Dienstag, 24. September 2019

Chancen und Risiken der Demoralisierung


Blogstuff 349
"We are in the beginning of a mass extinction and all you can talk about is money and fairy tales of eternal economic growth. How dare you." (Greta Thunberg, 23.9.2019 , UN-Klimagipfel)
Stellen die Kids jetzt endlich die Systemfrage? Meanwhile in Munich: „Endlich Oktoberfest! Prosit statt Protest!! Hoffentlich ist hinterher dieses komische Klima verschwunden. Wen interessieren im Herbst noch Hitzerekorde?“
Es ist nicht nur der Verstand, es ist auch diese ungeheure Spannbreite an Emotionen, die uns von den Tieren unterscheidet. Von grenzenloser Liebe bis zu mörderischem Hass ist so viel in uns, Leidenschaft in alle Richtungen, eine Vielfalt an Möglichkeiten, die wir leider nur selten nutzen. Ein einziger Mensch von einer Million ist bereit, sich für einen anderen Menschen in Not zu opfern. Springt ins eiskalte Wasser, um ein Kind zu retten. Es ist schon am nächsten Tag vergessen. Einer opfert Millionen, um sich selbst ein Denkmal zu setzen. An seinen Namen erinnern wir uns für alle Zeiten.
Bonetti Business Prime hat auf der A 61 eine eigene Filiale an der Autobahnraststätte Hunsrück Ost, wo Mitarbeiter des Unternehmens ihren Käse in Würfel schneiden, liebe Kunden. #Marktlücke
Ich habe mir schon mal die Jubiläen 2020 durchgesehen. Da gibt es nur den 100. Geburtstag von Fritz Walter, sonst ist nix los.
Warum wollen Nazis nicht mehr als Nazis bezeichnet werden? Ohne Stolz und ohne Rückgrat geht die Sache mit Höcke doch noch früher in die Hose als beim Adolf.
Meine Gage für die Hauptrolle in „Der Unsichtbare“ spende ich dem FCK, der immer noch in der dritten Liga rumgurkt und gerade seinen Trainer entlassen hat – Mitte September.
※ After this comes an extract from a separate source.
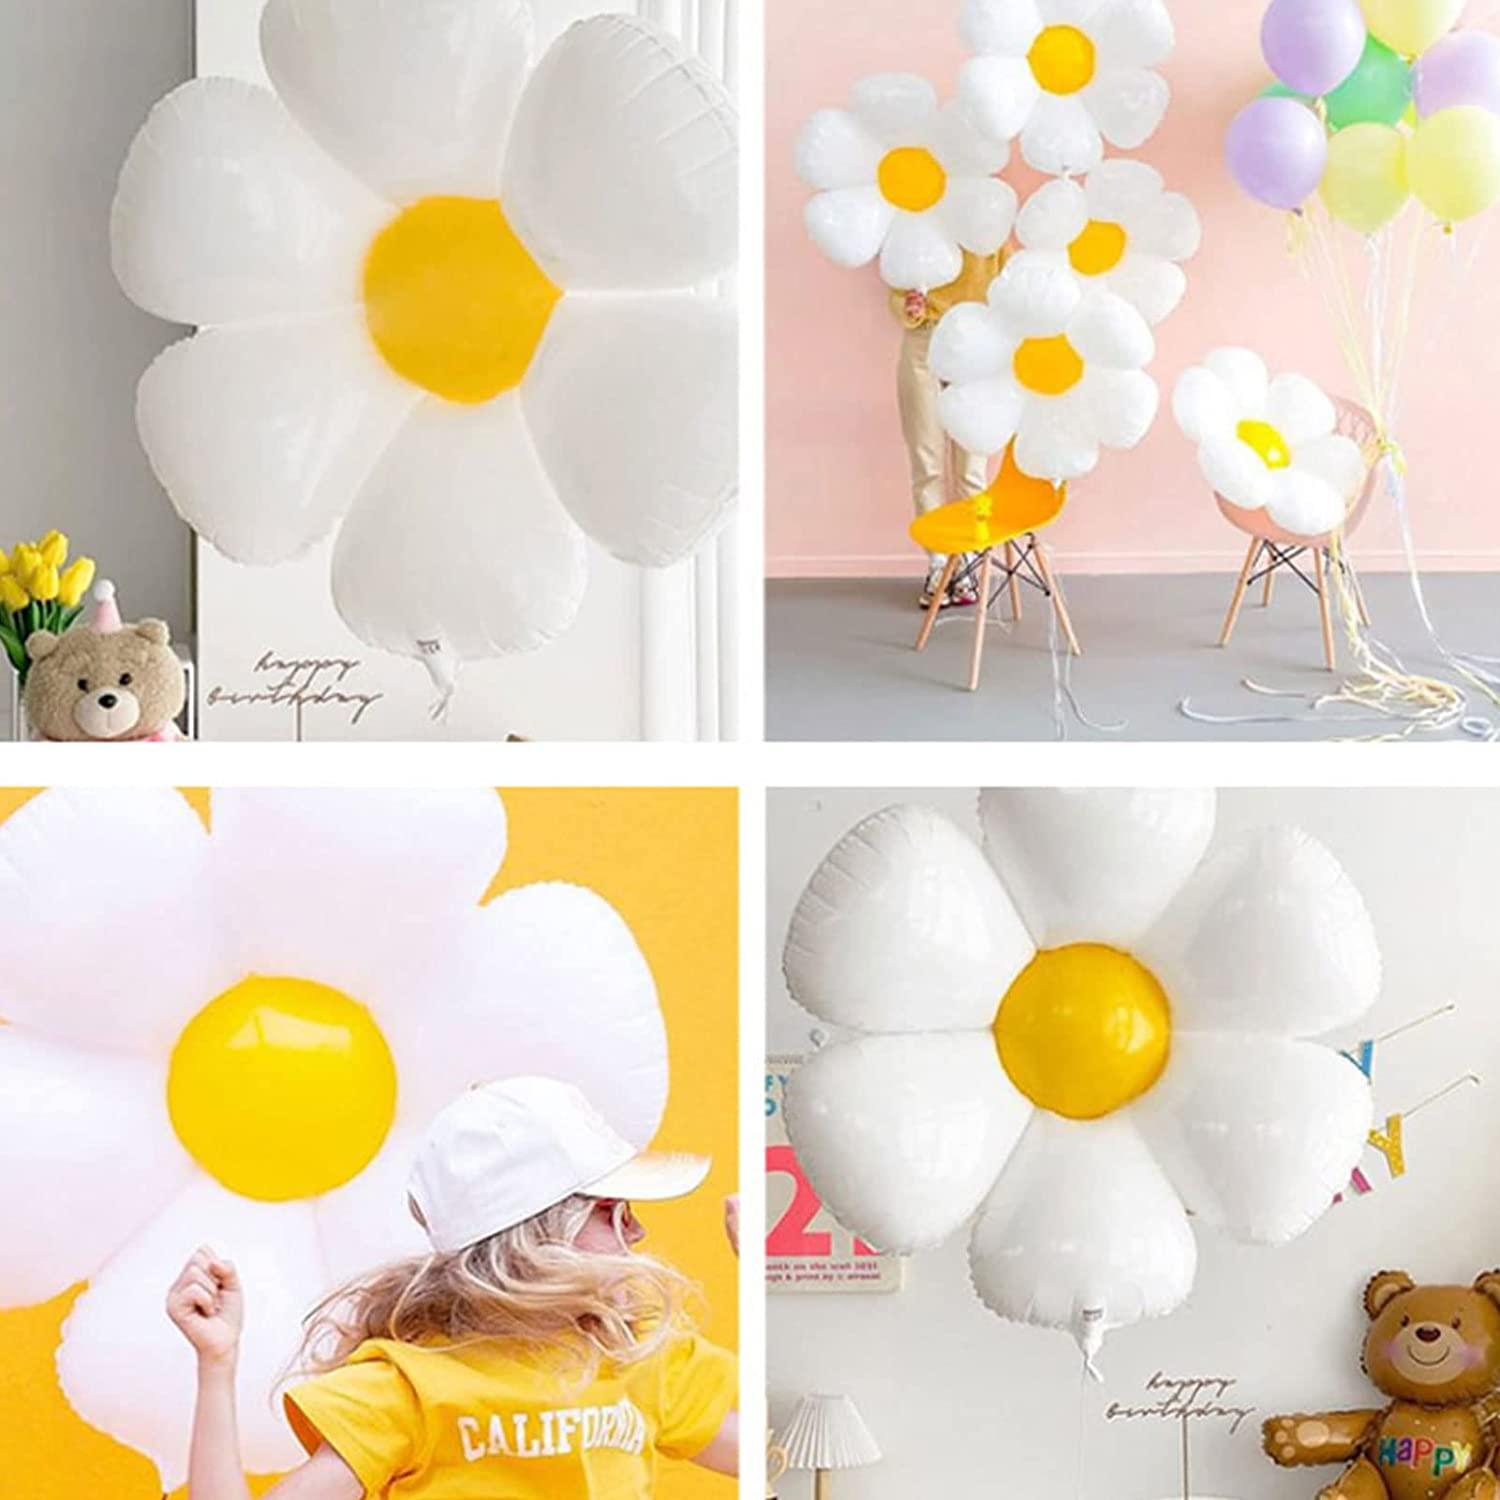 10 Pcs Daisy Balloons, Huge White Flower Aluminum Foil Balloons for Birthday, Baby Shower, Wedding, Daisy Party Decorations Supplies - If you say i do

Der Verein ist einen Punkt von den Abstiegsplätzen entfernt, schlimmstenfalls droht die Reamateurisierung am Ende der Saison.
Da hatte ich mal wieder Besuch aus der Wortspielhölle: Mata Haari. Mir fällt immer so ein Schwachsinn ein. Kurz mal gegoogelt und schwups – gibt’s natürlich schon. Wo? In Berlin. Wo genau? Nicht weit von meiner Wohnung in Wilmersdorf entfernt. Könnte die Welt mal einen Monat lang ernst bleiben?
Man müsste mal eine Studie machen. Thema: Mein Abi-Jahrgang oder meine Generation. Wer ist damals dem Geld gefolgt, wer seinen Idealen? Wer wurde glücklich, wer ist gescheitert? Nicht jeder, der dem Geld folgte, wurde reich. Nicht jeder, der seinen Idealen folgte, hat seine Ziele verwirklicht. Ich kenne einen Arzt aus meinem Jahrgang, der gerade an einer Erbkrankheit zugrunde geht, und ich kenne eine Hausfrau mit zwei Kindern, die sehr glücklich ist. Es hat so viele Möglichkeiten gegeben. Wer von uns hat den richtigen Weg eingeschlagen?
Eine LP, die für mich unter die Rubrik „Prädikat: seltsam“ fällt. Ich fand sie für eine Mark in einem Plattenladen. Neil's Heavy Concept Album - 'Hello Vegetables' and 'Hole In My Shoe'. https://www.youtube.com/watch?v=h1D6hKkij_8

P.S.: Die All-inklusive-Krake Thomas Cook ist pleite. Der organisierten Freudlosigkeit wurde ein schwerer Schlag verpasst. Recht so!

6 Kommentare:

  1. Meine / Deine Generation ?
    Die letzten Menschen, die autonomen Gedanken hatten. Mehr oder weniger.
    Klar sind wir auch bloß rumgehockt und haben Maulaffen feil gehalten.
    Das bisschen demonstrieren und kritisieren hat es auch nicht rausgerissen.
    OK, in Wackersdorf schon ein wenig !
    Aber zumindest haben wir uns Gedanken gemacht und haben darüber geredet.
    Die heute 20 - 30 Jährigen sind ( größtenteils ) derart gleichgeschaltet, es ist eine wahre Pracht. Wenn ich mir meine jungen Kollegen anschaue, gut, Inschinöre waren schon immer eher Systemkonform, trotzdem, es ist tragisch.
    Mit denen kann man alles machen.
    Es gibt natürlich Ausnahmen, aber diese grundsätzliche Kritik am System, dieses Mißtrauen der herrschenden Gegebenheiten gegenüber, da sehe ich heute nur noch Kapitulation.
    Iss halt so, kamma nix macha. Bringt doch nix, Kopf runter, nicht auffallen, Job behalten.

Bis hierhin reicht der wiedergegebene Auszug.